The wolf's ears flattened in what looked suspiciously like surprise. Clearly he wasn't used to people talking back. But Rose had taught me that most supernatural posturing was exactly that—posturing.

"I don't care if you're the big bad wolf himself. Get out!" I grabbed the nearest object—a weighty tome on medieval healing practices. "I have enough to deal with without some overgrown furball making more mess!"

The wolf's form blurred and shifted, magic rippling through the air as he took human shape. The transformation was smooth, controlled—marking him as powerful even among werewolves. When the shimmer faded, a man stood before me, wearing a worn leather jacket and jeans, his chest bare and muscled beneath the open jacket.
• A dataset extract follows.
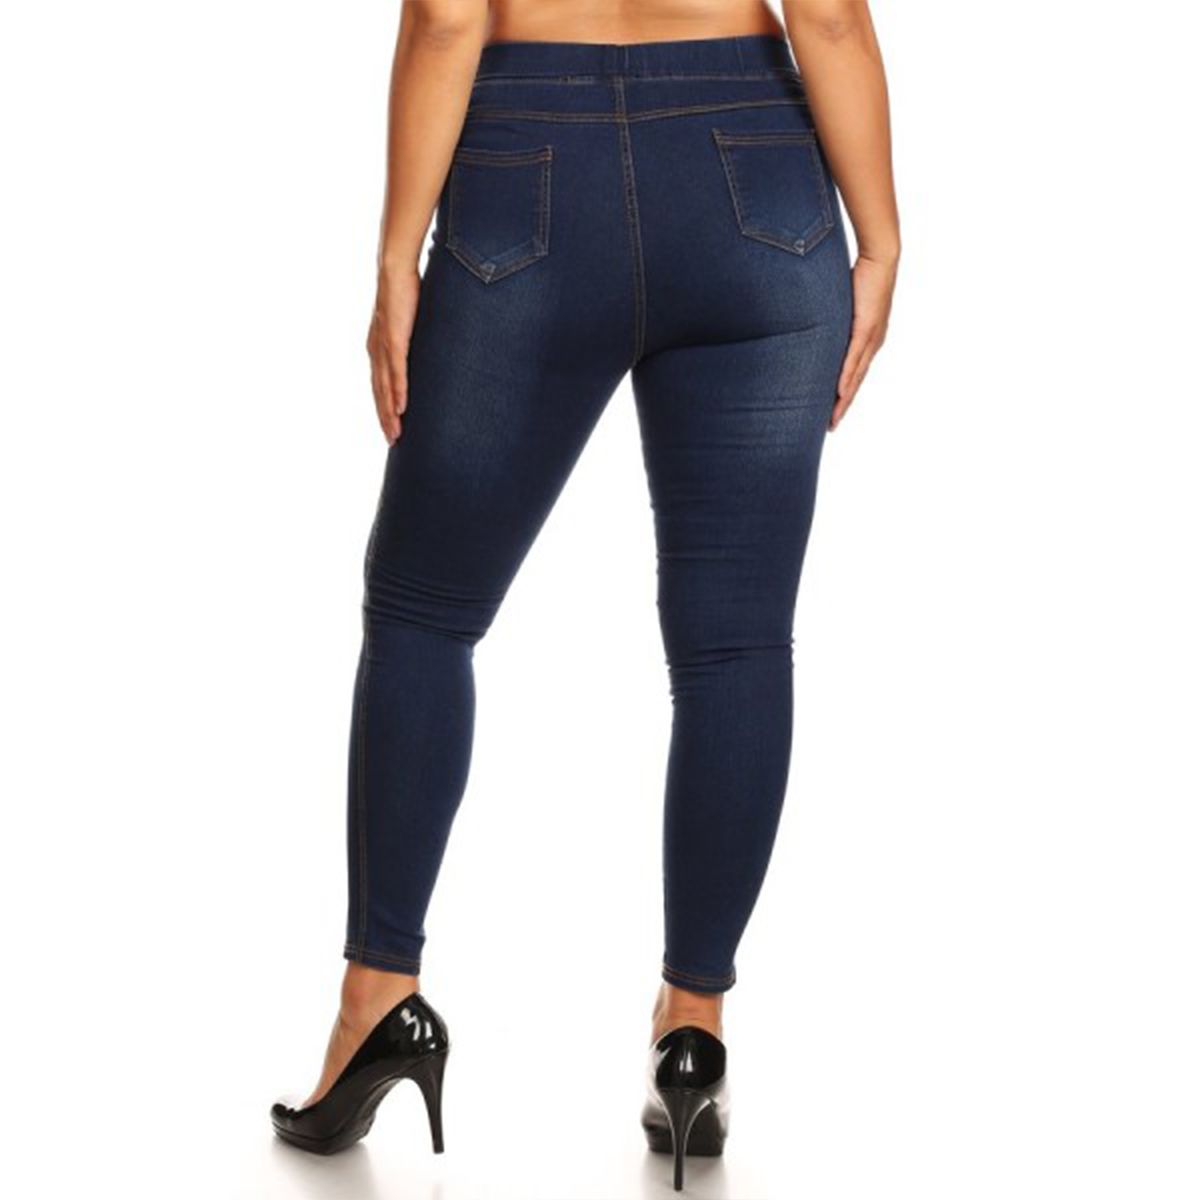 LAVRA Women's True Plus Size Jegging High Waist Jeans Full Length Denim Leggings with Pockets - image 3 of 5

"Overgrown furball?" His voice was rough velvet, one eyebrow arching as he crossed his arms over his scarred skin. "That's a new one."

I swallowed hard, willing myself not to stare at the defined muscles or the intriguing scars that mapped stories across his skin. The man was infuriatingly handsome, with dark hair streaked with silver at the temples and amber eyes that still held a lupine glow. Something hot and impossible flickered in my stomach—absolutely not the time.

"You growled at me!" I tried to maintain my fury, clutching the book tighter as if it could shield me from the bewildering reaction he triggered. My magic pulsed in response to his proximity, the familiar unpredictability shifting to something new—a resonance that both thrilled and terrified me.

"I was investigating," he said, taking a step closer. His movement was pure predator, graceful and deliberate. "You're the one sneaking in here at night."

"With a key! Because it's my aunt's store," I repeated, backing up until I hit a bookshelf. "Wait—investigating what? Do you know something about Rose's disappearance?"

His gaze shifted to the side—before his expression hardened. He took another step closer, his presence overwhelming in the confined space. A woodsy, earthy scent enveloped me, sending my magic into a disorienting hum that made the nearest books tremble on their shelves.

"Leave, little witch. This isn't your problem." His voice deepened to a growl that seemed to resonate directly with something primitive in my core.

I glared back at all six feet of tall, dark, and handsome. "Like hell it's not."

The books on the shelves around us quivered, responding to the tension crackling between us. Several romance novels actually sighed, their pages ruffling as if caught in a breeze. I'd been back in Midnight Creek for less than an hour, and already I was facing off with an arrogant alpha wolf in my aunt's destroyed bookstore, while my magic behaved as unpredictably as ever.

But this time, the unpredictability felt different. Instead of misfiring or surging out of control, my power seemed to be reaching for his, creating a circuit I didn't understand.